Lubrication, massage oil, condoms. Khalid was a true sensualist. Nothing was hurried when he was involved. The pleasure was all that mattered. He gained his pleasure from the pleasure of the woman he touched. Or helped to touch.

Kia’s lips parted beneath Chase’s. Her breath, softly scented with a hint of the beer she had drunk earlier, and the clean soft taste of the woman herself. They parted slowly. He watched her lashes drift over her eyes and his lips caressed hers. He didn’t take her kiss. He wanted to take nothing from her. He wanted to give to her. He wanted her lost in the pleasure, giving herself to it until nothing existed but the touch, the need, and the hunger for release.

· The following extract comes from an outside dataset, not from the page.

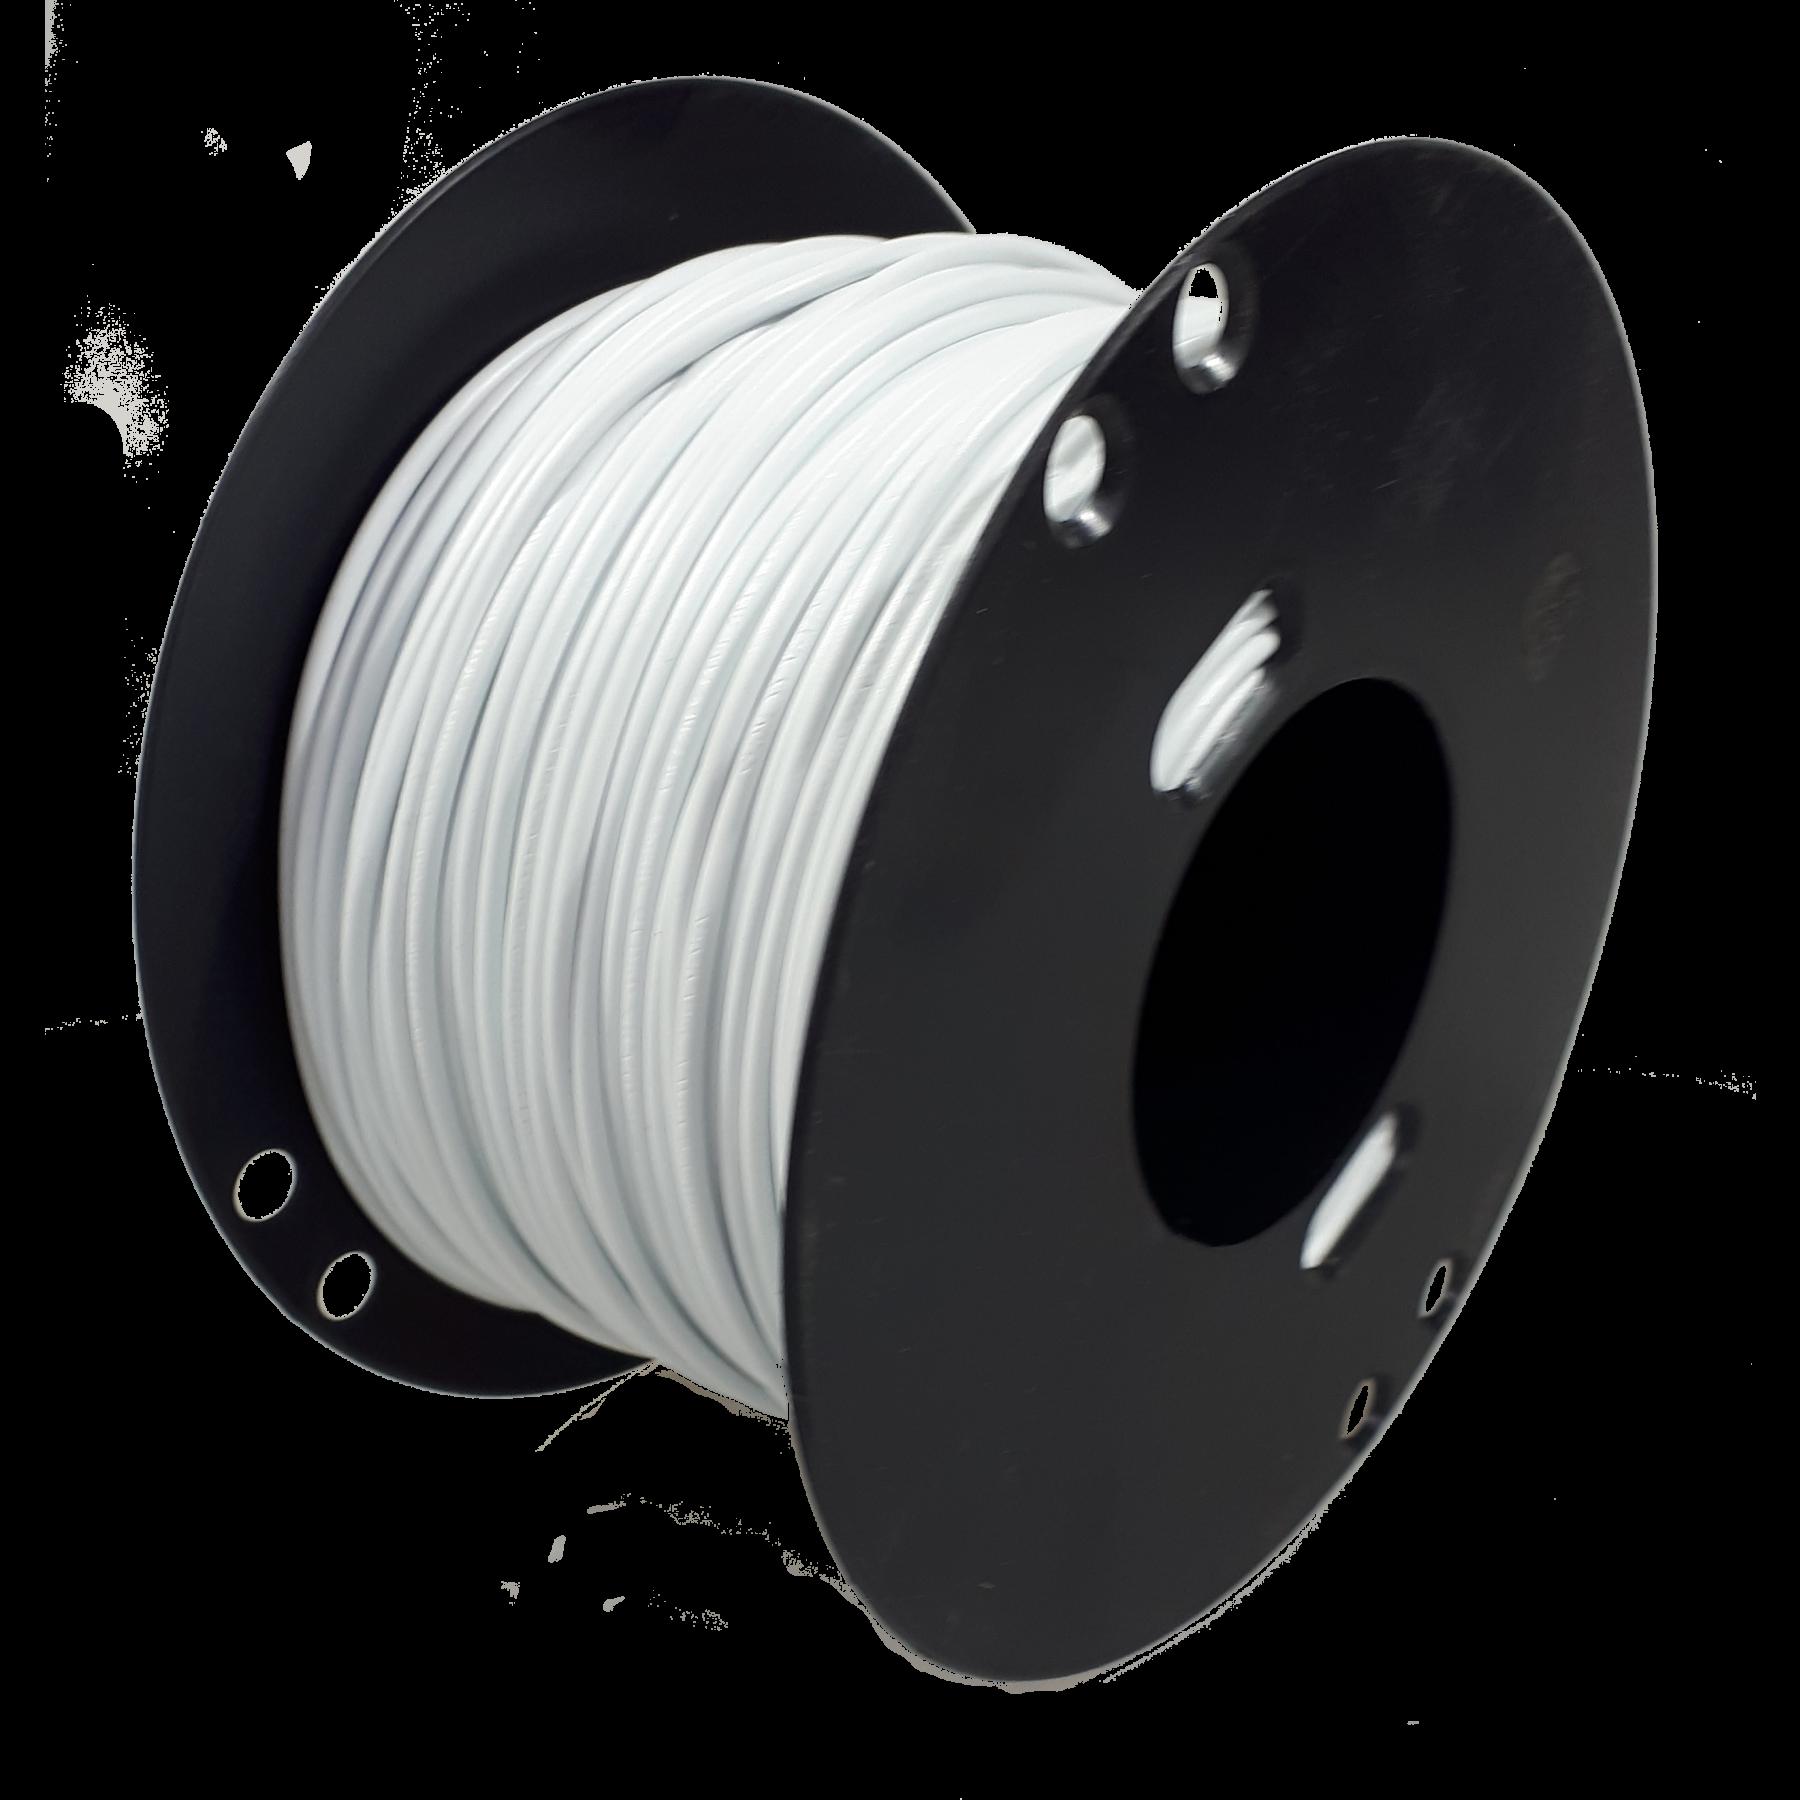 Kabel 1,5 wit 100m haspel

Kia assured herself that was all it would be for. Just the pleasure. She wasn’t going to allow herself to care for anyone again. She had made that promise to herself two years before, and she wouldn’t break it now.

But she needed this touch. Chase’s touch. His lips brushing against hers. She was certain that when Khalid touched her, she would be wild and wanton then as well.

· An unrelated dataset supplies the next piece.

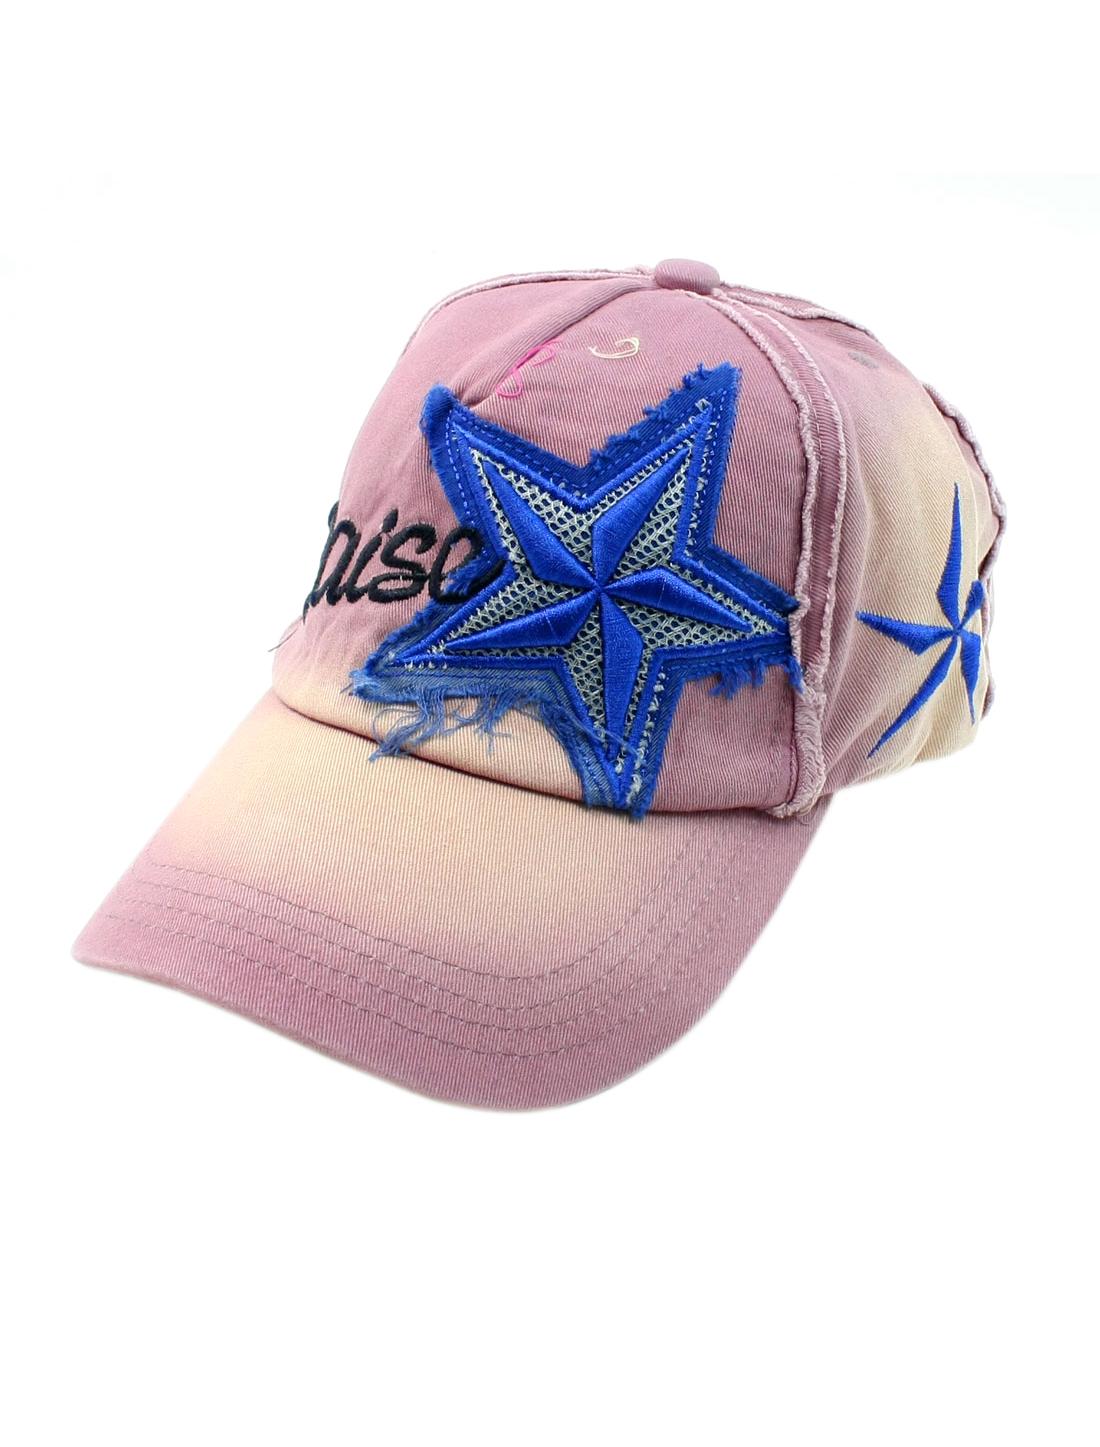 Unisex Slip Buckle Back Adjustable Fashional Casual Light Purple Baesball Cap

She had never been wild and wanton, though she had often wondered what it would be like. She was going to find out tonight. Now. She had dressed for it. She had longed for it.

“Okay?” Chase’s voice was darker now, deeper.

Kia opened her eyes to see that the light green of his eyes had darkened. There was a stain of red against his dark cheekbones and his lips were sensually fuller than before.

Lust suffused his expression. For a second, just the barest second, , she wished there was more than lust in his eyes, before she pushed the thought away. She had no right to want more, to need more.

She obviously had no concept of how to choose friends or lovers. Chase was safe, and if he wanted Khalid there, then she trusted his choice.

Chase hadn’t lied to her. He had kept his promises to her, he had made certain Drew never struck her again, and she knew it was by his hand that her divorce had come so easily.

As she felt his lips nipping at hers, watched his eyes as his hands stroked her bare back and her arm, she let herself become immersed in the sensations. His calloused palms stroking her, his strong lips taking small, greedy kisses from her.

Her arms twined around his neck. She turned to him, needing more, aching for it. A deeper kiss, a longer kiss. She wanted to feel him taking her lips, controlling her passion as she had no idea how to control it.

As though he knew, sensed what she needed, his lips did just that. His tongue delved in to tangle with hers, and his hands tightened on her.

A moan whispered past her lips as she shuddered at the sensations.

This was all she needed. Just the pleasure.